で次は, 式にしたがってその確率の対数をとって度数をかけて合計する。

logL <- sum(cont.table * log(pi))
logL
#[1] -201.9102

これで母相関が0.3だとした場合の尤度が出てきた訳だ。定数はパラメータ変えようが関係ないから無視して大丈夫。あとは, 母相関を変えながら尤度が最も高くなる母相関を探せば良いので, 今までのものを次のようにループに組み込む。-0.99から0.99までを0.01刻みで動かしながら尤度を計算していく。
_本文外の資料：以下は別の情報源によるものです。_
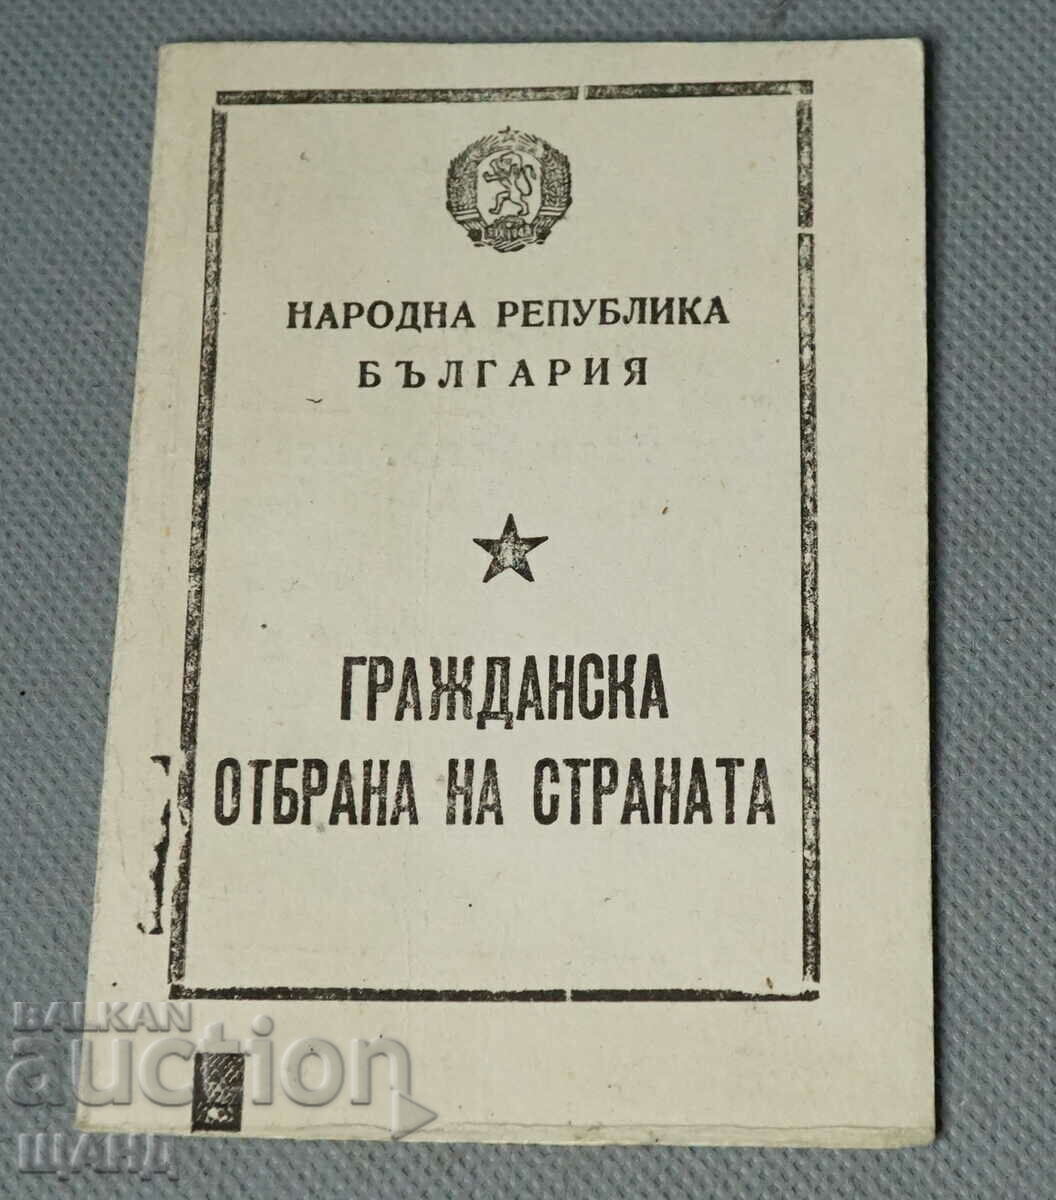 1964 Πιστοποιητικό ολοκληρωμένης εκπαίδευσης Πολιτικής Άμυνας

rho <- seq(-0.99,0.99, by=0.01)
logL <- numeric(length(rho))

for(ite.rho in 1:length(rho)){

  pi <- numeric(length(cont.table))
  pi <- matrix(pi, length(marg.freq1), length(marg.freq2))
  for(ite.cat1 in 1:length(marg.freq1)){
    for(ite.cat2 in 1:length(marg.freq2)){
      pi[ite.cat1, ite.cat2] <- pmvnorm(mean=c(0,0),sigma=matrix(c(1,rho[ite.rho],rho[ite.rho],1),2),
                                    lower=c(tau1[ite.cat1], tau2[ite.cat2]),
                                    upper=c(tau1[ite.cat1+1],tau2[ite.cat2+1]))[1]
      }
  }

  logL[ite.rho]<- sum(cont.table * log(pi))
}

#もっとも尤度が高い母相関は
rho[which.max(logL)]
#[1] 0.52

計算の結果, 母相関は0.52が最も尤もらしい値だということになった。

試しに、polycorパッケージのpolychorで計算してみる。

polychor(cat1,cat2)
#[1] 0.5165662

ほぼ同じ値を推定していることが分かる。母相関の区切れを細かくすればこの値に近づくだろう。 という訳で、ポリコリック相関係数を自作するお話でした。